Balkans to figure high on Austrian agenda

Series Title
Series Details Vol.11, No.44, 8.12.05
Publication Date 08/12/2005
Content Type

Date: 08/12/05

Relations with the Western Balkans are to be high on the agenda of the Austrian EU presidency, starting on 1 January 2006. The Austrian government is planning to organise a series of meetings to discuss the Western Balkans. They are expected to culminate in talks at an informal meeting of foreign ministers in Salzburg on 10-11 March which is to focus on the Balkans.

Austria has long been a strong backer of early EU membership for the countries of the Western Balkans, lobbying successfully for the EU to open accession negotiations with Croatia, on 4 October, despite Zagreb's failure to hand over war crimes indictee Ante Gotovina.
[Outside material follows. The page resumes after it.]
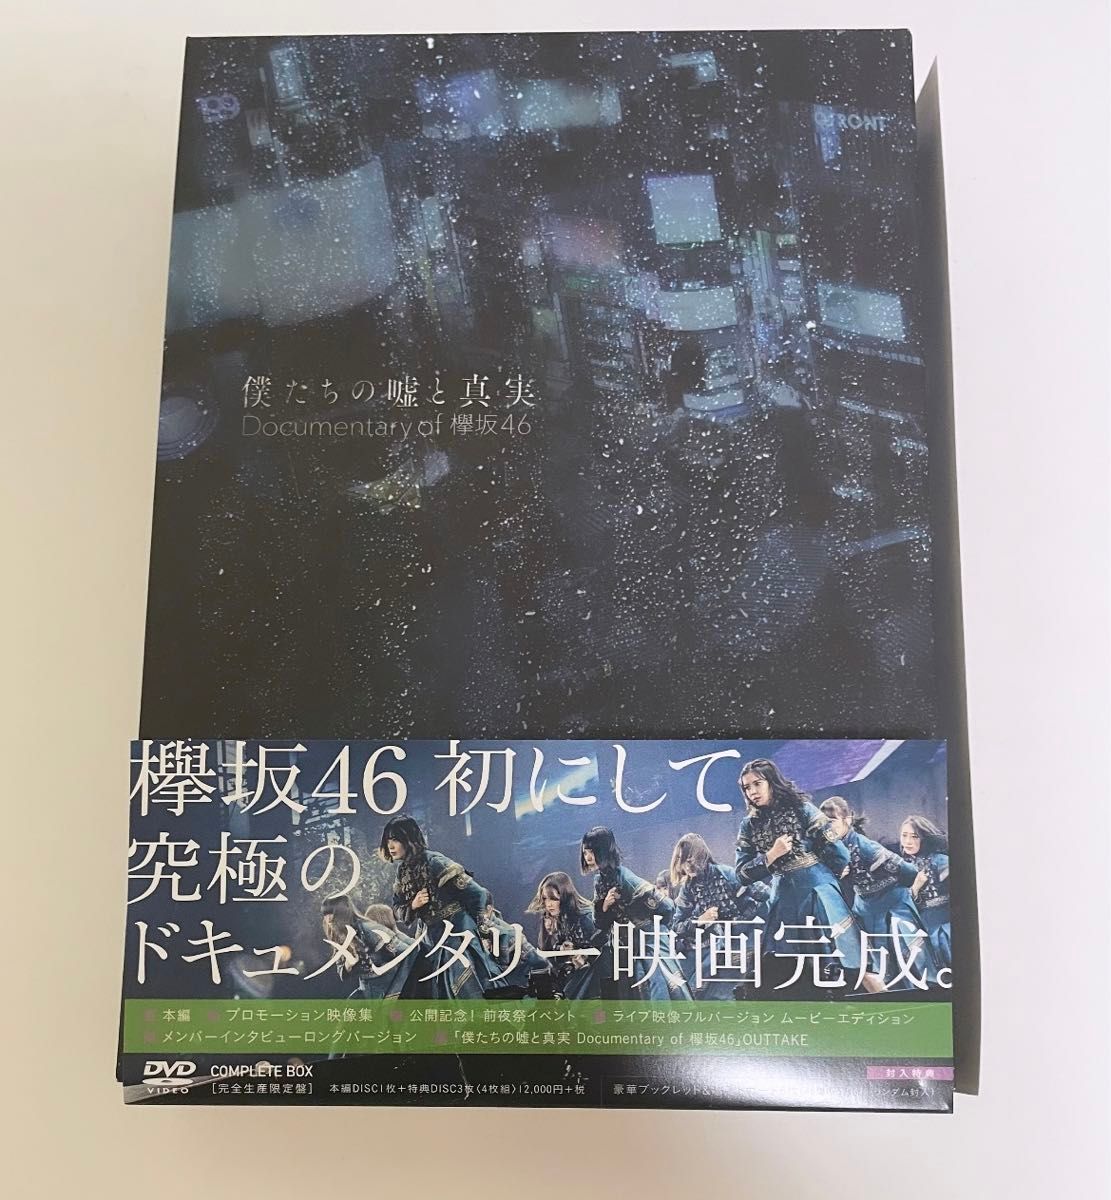 完全生産限定盤DVDコンプリートBOX （ハ取） 欅坂46 DVD/僕たちの嘘と真実 Documentary of 
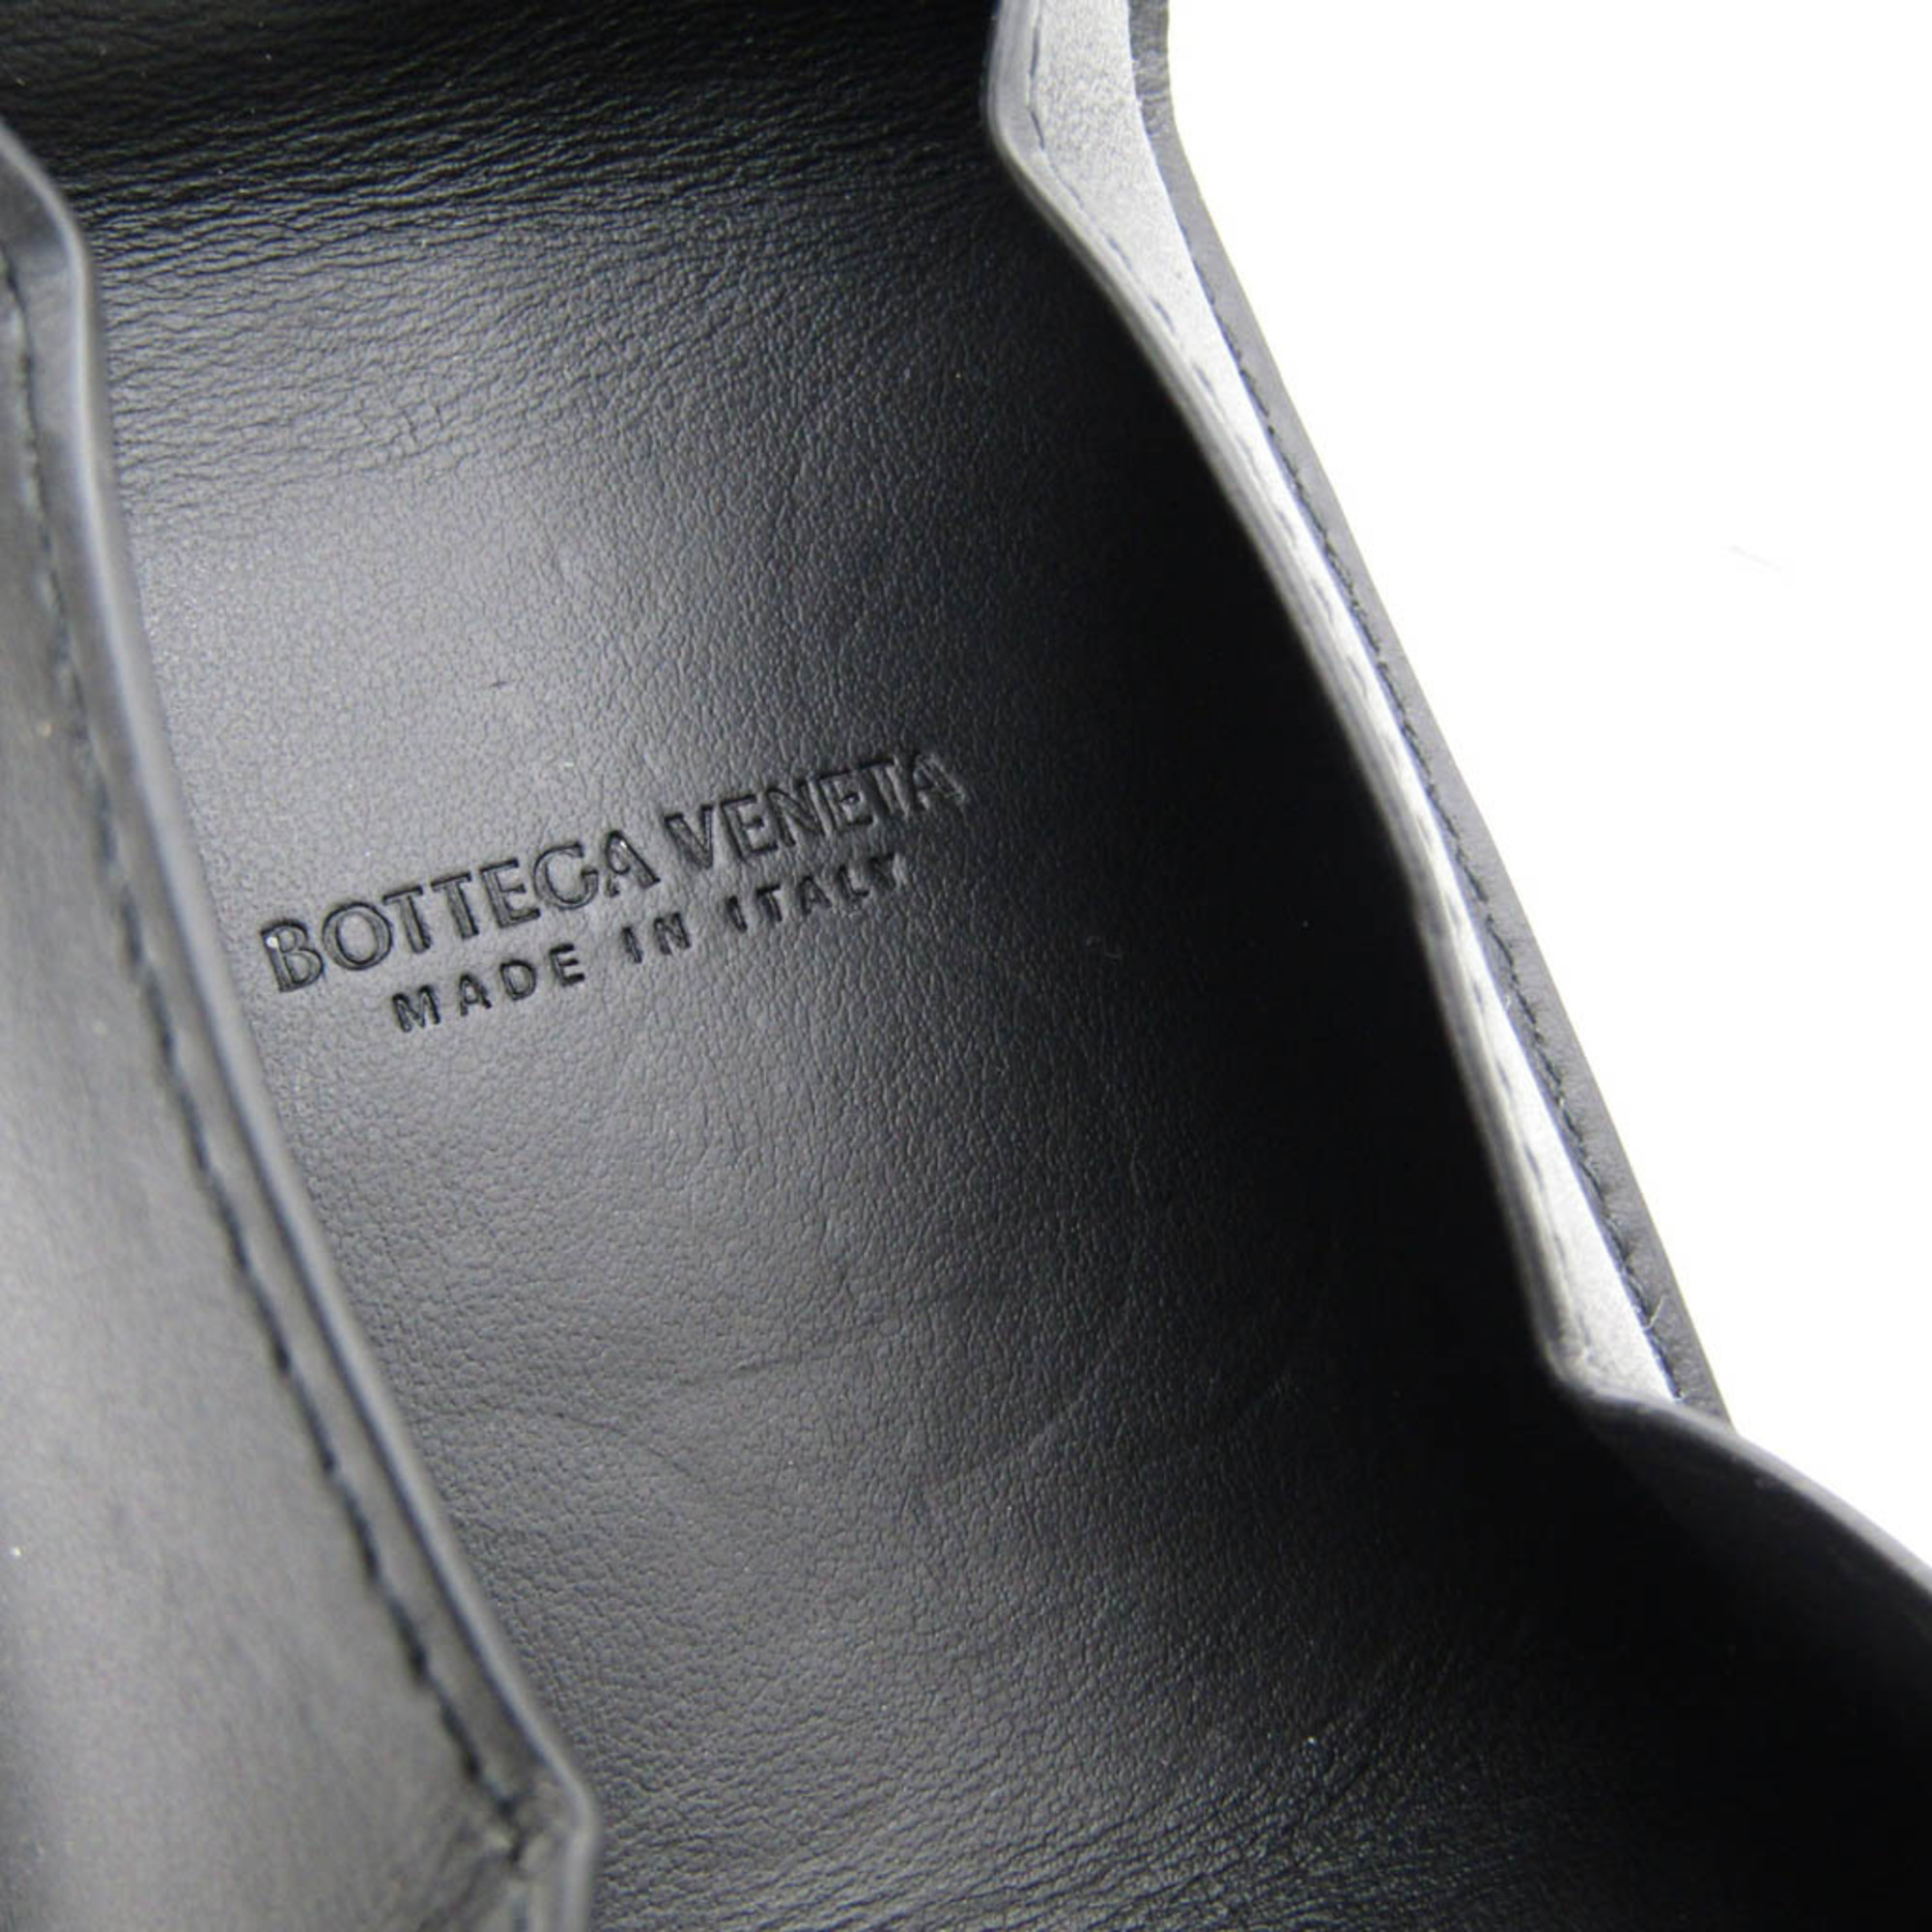 ボッテガ・ヴェネタ(Bottega Veneta) イントレチャート カセット 折り畳みコインパース 679846 レザー カードケース ブラック

After a survey of the current situation in the country, accession talks with Croatia are expected to begin in earnest under the Austrian presidency.

Talks on so-called Stabilisation and Association Agreements with Bosnia and Herzegovina and Serbia and Montenegro will also talk place under the Austrian presidency.

But Austria's keenness to integrate the Balkans into the EU is likely to be criticised by countries whose citizens are sceptical of further EU enlargement. The debates preceding the referenda on the EU constitution in France and the Netherlands

this spring have shown mounting opposition to further waves of enlargement, after the accession of ten states in May 2004 and the planned accession of Bulgaria and Romania on 1 January 2007.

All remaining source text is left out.